SUNDANCE 2020

Sundance 2020: Internet Streaming Killer Film 'Spree' is Intense Ride

by
January 30, 2020

Spree Review

We're driving ourselves insane! Spree is a wild ride of a film that takes that sentence and makes it literal - we follow a young rideshare app driver who gets addicted to internet popularity and goes on a crazy killing spree. It's the definitive "HOLY F**K" film of Sundance 2020, which is really a big compliment considering it's audacious and innovative and has an important message driving it. Spree is the most authentic, accurate villain origin story of these modern times - even moreso than Joker, which is a fair reference though they're quite different. It's an extremely brutally honest cautionary tale that thrilled the hell out of me. This is the kind of innovative, provocative film I love stumbling across at Sundance, and I'm glad it played at the fest.

Spree is the name of the rideshare app that Kurt Kunkle, played perfectly by Joe Keery, uses to make extra money.

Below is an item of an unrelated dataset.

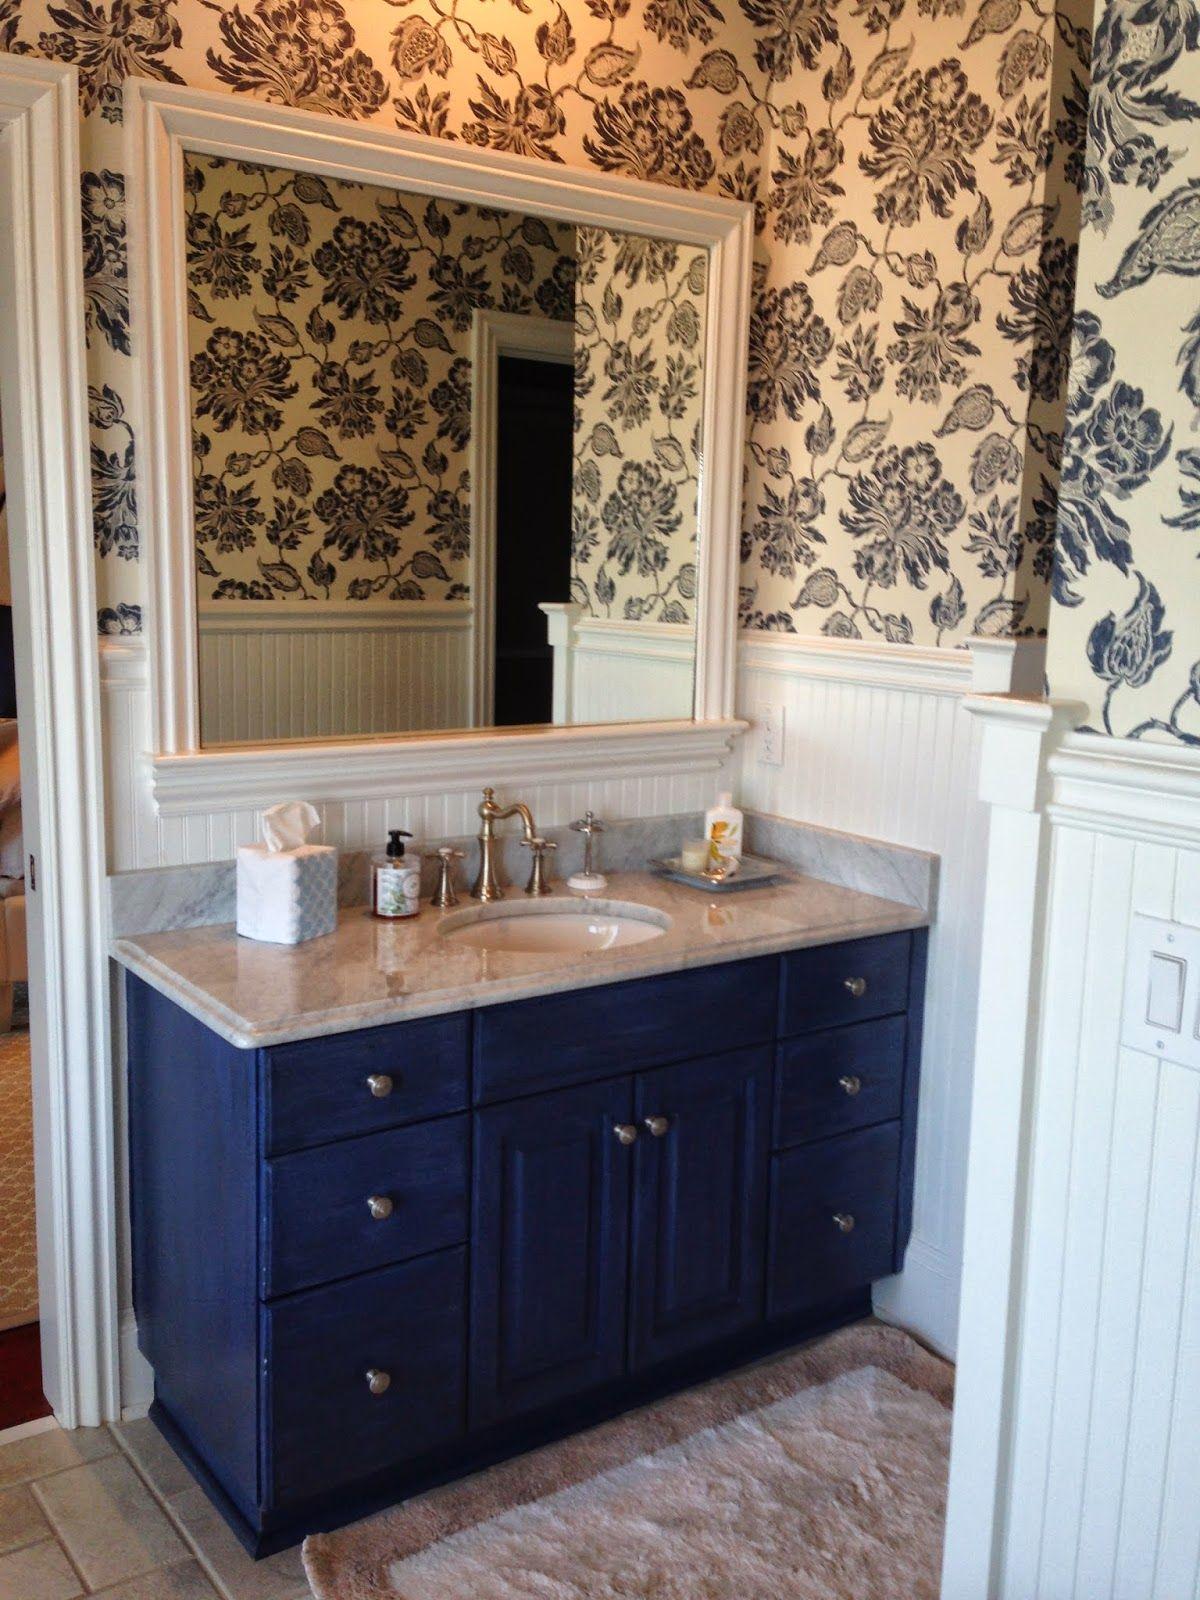 Savannah Dream Home navy and white bathroom, thibaut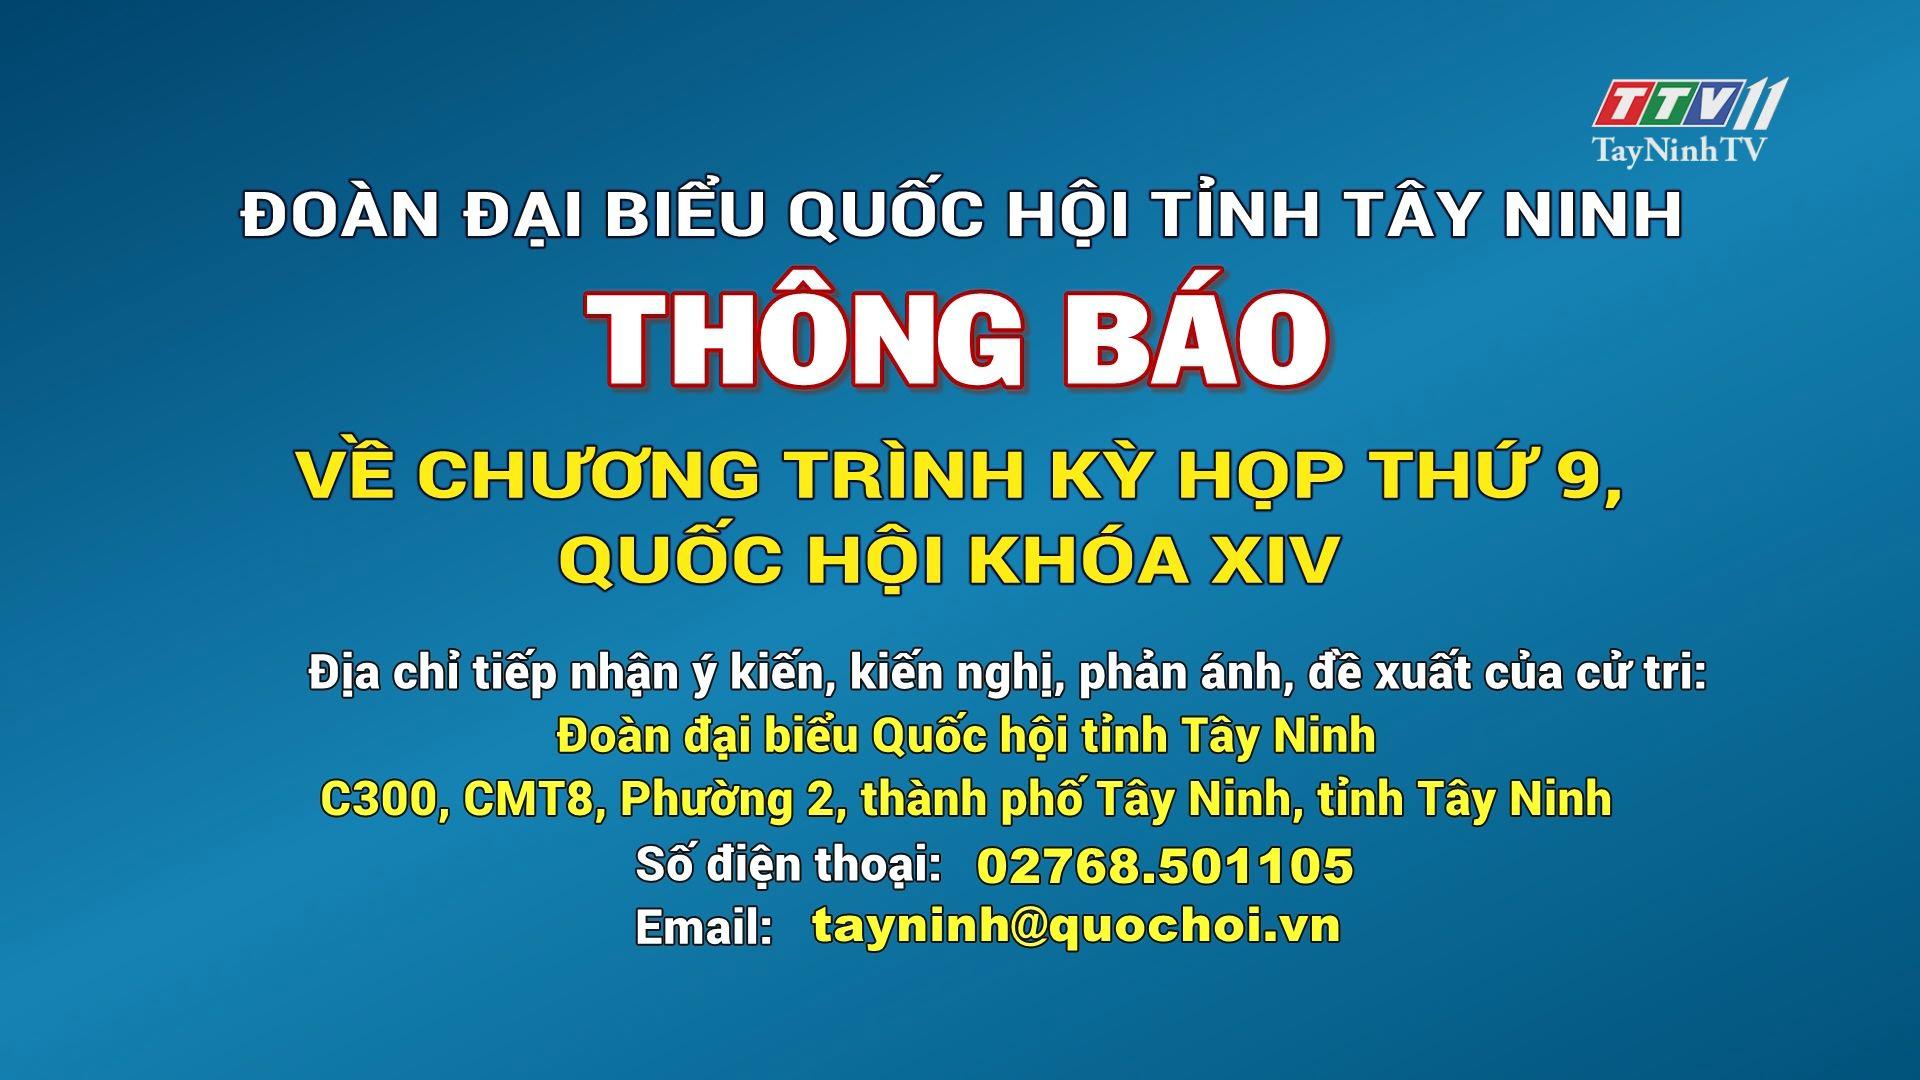 THÔNG BÁO về chương trình kỳ họp thứ 9, Quốc hội khóa XIV | TayNinhTV

The story is told entirely through screens - it's the next great evolution in screen-based filmmaking following Searching (from Sundance 2018), Timur Bekmambetov's Profile (also in 2018), and the original short film Noah that started it all. The film utilizes a wide variety of various screens - including streaming video, various GoPro cameras, other found footage / CCTV footage, cell phone screens & apps, and plenty more. This allows us to become immersed in Kurt's digital world and understand exactly how it has begun to warp his mind. After creating a streaming channel and uploading videos for years, without anyone caring or watching, he finally comes up with an idea called "#TheLesson" and heads out around Los Angeles, picking people up, killing them with poisoned water, then dumping them out before finding another random victim.

Why is he doing this? What's the point? There is a point. There definitely is. And it may come across heavy-handed and bothersome to some, but it's a very important message. I really think this film will be seriously misunderstood by people who just don't get it. Because it's so REAL and it's scary as hell to realize that and accept that this is how things are and understand the very seriously honest points the film is making. The internet is a wild place, and when people get completely sucked into it, once they get lost in the fame & glory & popularity of clicks and viewers and tips and tokens and stars and likes, it distorts their perception of reality. Letting this go on too long, without any reasonable consequences, results in the creation of mad men like Kurt Kunkle. It is a cautionary tale, a film that is hoping teach us a lesson by watching this guy go mad.

It's supposed to be an entertaining comedy, but my heart was racing, and I was extremely nervous the entire time watching this. Writer / director Eugene Kotlyarenko impressed the hell out of me. Not only does he have an intelligent understanding of the way the internet controls us and warps our minds, but he is able to bring this to life perfectly with the screen storytelling we see in the film. He even went so far as to fill all the streaming comments, and worked on every little last detail seen on screen. He crafts an incredibly authentic "real-world" experience with Keery, including one awesome car chase and tons of other sequences (action & comedy all being live-streamed) that I still can't figure out how they shot to look so real. This film is made up of thousands of different elements and Kotlyarenko puts them all together like a thousand-piece puzzle.

Of course the guy in this is bad and bat shit crazy and evil, but that is the point. And if you're still wondering how things have gotten this bad and how the madness of the internet is allowing people to get even more toxic every day, this film shows it very clearly. It's a wake-up call for ALL of us. Listen to what actress (and real-life comedian) Sasheer Zamata playing comedian Jessie Adams says in this film, take her advice to heart. Don't write it off. The reason films like this keep being made and the reason they keep reminding us of how bad social media can be is because nothing is changing. It's not getting better. Things keeps getting worse. And I know a film won't suddenly change things, but there are a few moments in this when I wanted to stand up and cheer because sometimes we need to have these things told straight up, right to our face, without any sugar coating so we can hopefully realize we're ALL caught up in this vacuous, dishonest mania.

I believe this film achieves all that it sets out to do. It's not only entertaining and thrilling and intense. It's also a shocking, potentially life-changing look at how internet popularity and fame has created an entire subculture that is causing people to lose their mind. It shows us how society is interconnected in this exact way and becoming worse because we can't break free from our addiction to the internet and all that it offers. And it shares a contemporary story about a young man who, while fictional, is as-close-to-real of an example of the kind of person being created by a dangerously careless society. There are so many lessons to learn from this film, and it challenges us to think deeply about how involved we are, and how we are contributing.